田村 だから、「国民(すべて)を幸せにする」ということ(理念の実現)は不可能ですが、でもそこへ向かい、それを実現することを組織の目標にしたのです。

 (会社には)理念や使命がありますが、それを単なる心構えで終わらせるのでなく、どんなことがあっても実現する。それを実現した状態とは、具体的にはすべての人にキリンビールを飲んで喜んでもらうことです。そこへ向かう。「それ以外やるな」という話です。

執行 そうですね。

田村 そこへ向かっていると、人間の心が変わってきます。
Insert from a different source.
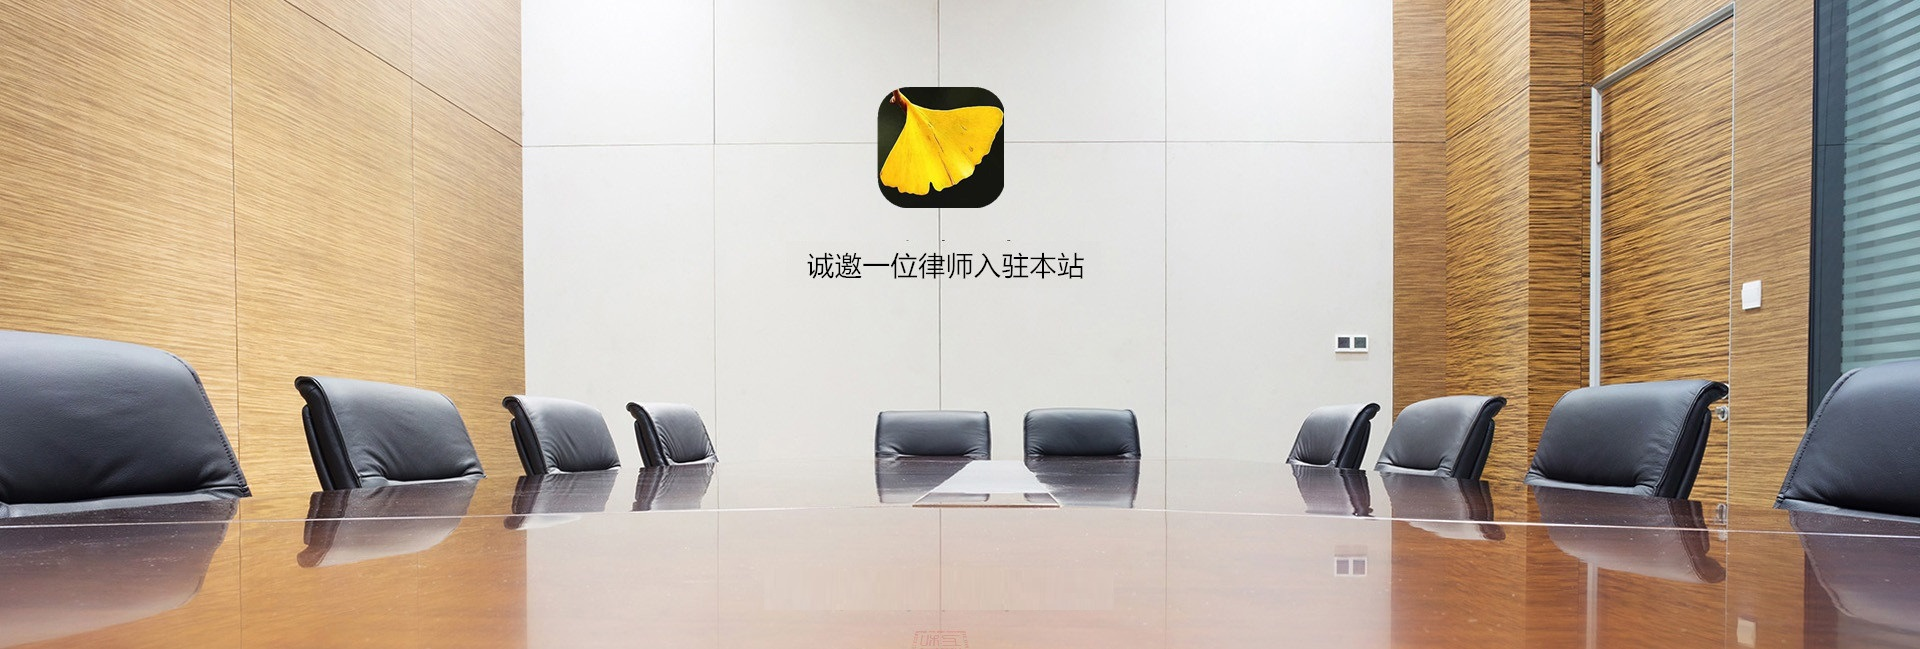 苏州离婚律师大图二
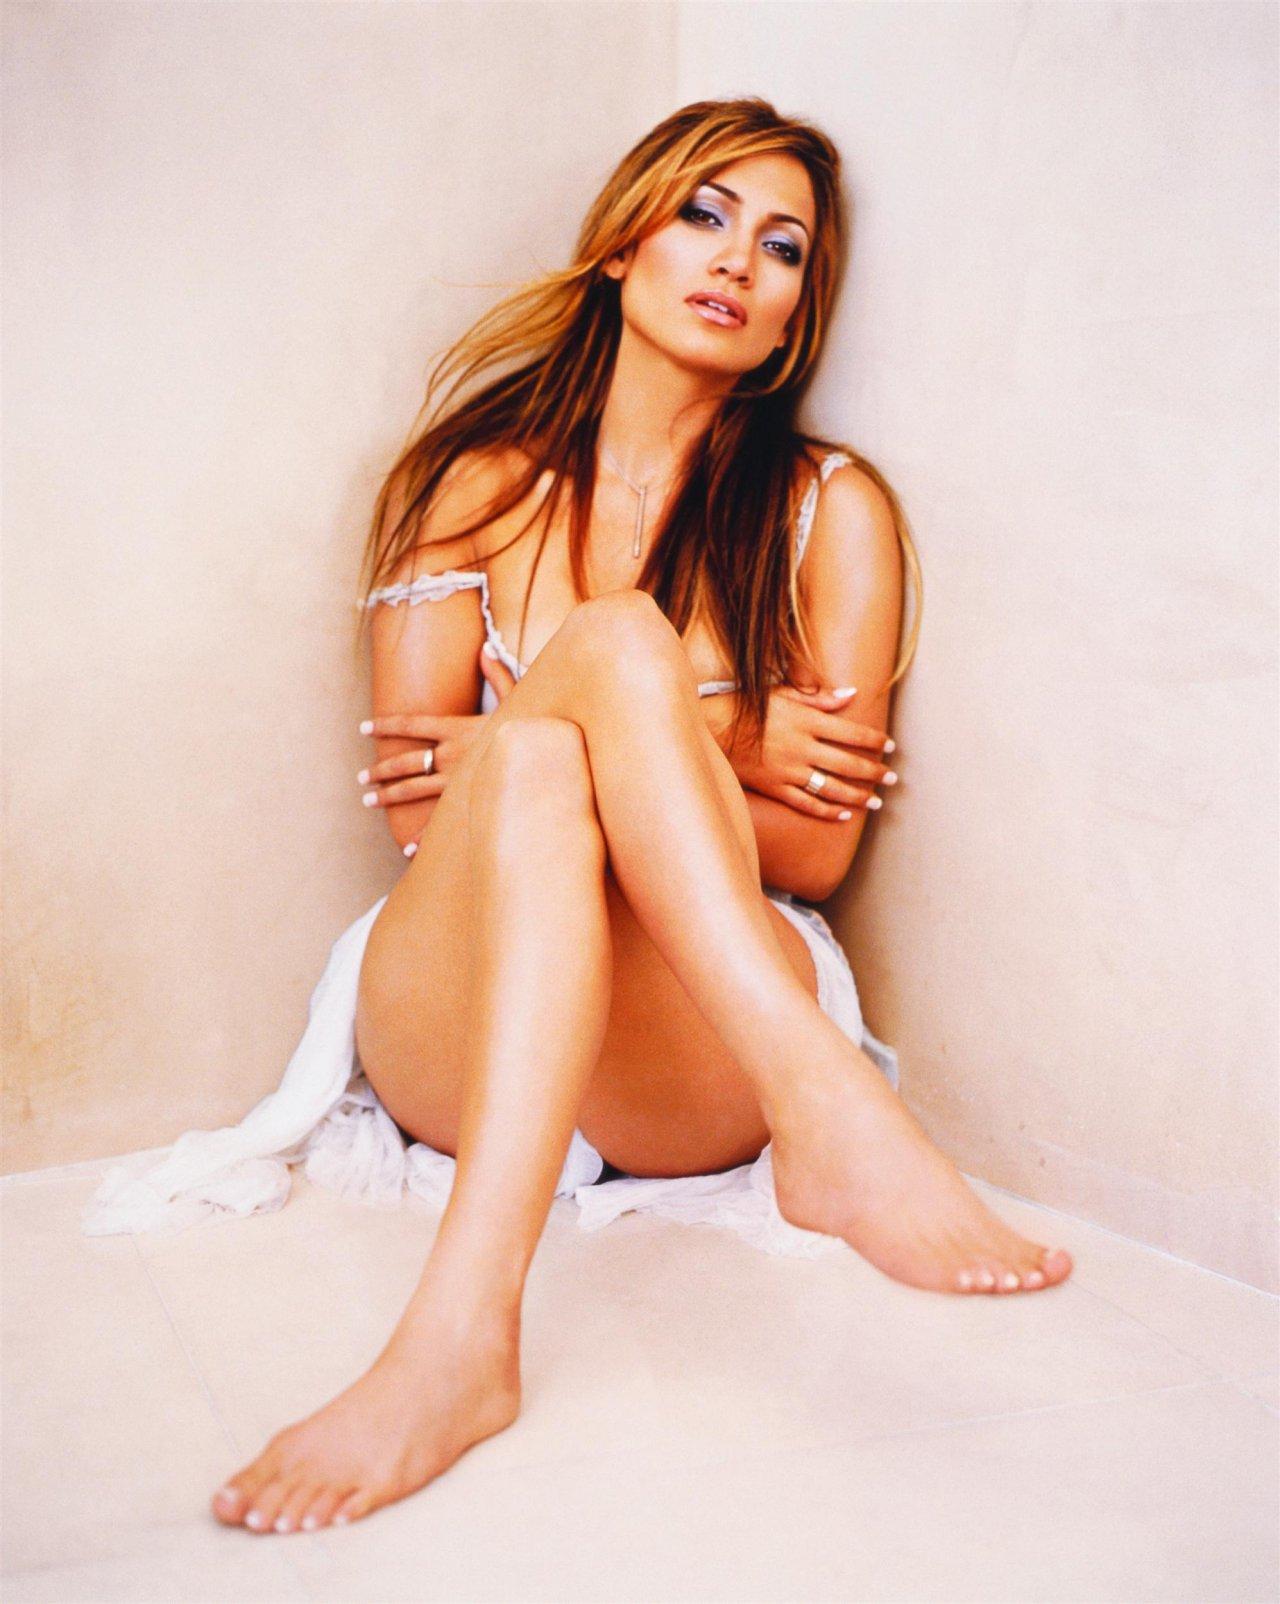 Дженифер лопес голая

だから、これでいいのです。

 これに可能性があるのは、企業は利益を上げ続けないといけないから、お客さんの支持や信頼を得続けないといけないので、「お客さんのために」ということです。

 そのために行動していく。するとお客さんからいろいろな反応があり、それで奮い立ったり、いろんな発見があったりする。また、そこでモチベーションが出てくるというのは、日本の伝統的な成功の一つのパターンです。これをやればいい。

執行 それが循環経済です。

田村 そうです。

執行 例えば江戸時代は、地域密着型でお客さんのためになっている商売が300年間繁栄しています。一番みんなの記憶にあるのは三井越後屋で、300年間繫栄しています。

田村 そうですね。

執行 でも今の数字でいえば、これ(頭打ち)です。

田村 そうでしょうね。あるところまで行ったら、止まるというのはあります。

執行 ただ今の田村さんの話は言っていることは正しいけれども、「心」の問題と「ビジネス」の問題がわけられていないということです。心持ちは、理想を追いかける。それは私もいつも言っていることです。

 でも現実のビジネスは、循環を求めなければダメです。だから、永遠の金儲けはできない。永遠に数字が上がっていくのは無理なことで、絶対ダメです。

 これは詳しく言うと、もともとキリスト教から出た考えです。心の問題をビジネスに適応して、英米が18世紀に新しい経済思想を作り上げたのです。つまり、根本を言えば、キリスト教から「神」を抜いた。するとキリスト教はヒューマニズムなど「いいもの」「いいこと」ばかりです。それを英米の哲学者は、経済問題に結びつけた。

 我々はみんな西洋の素晴しい理念に憧れましたが、キリスト教は(...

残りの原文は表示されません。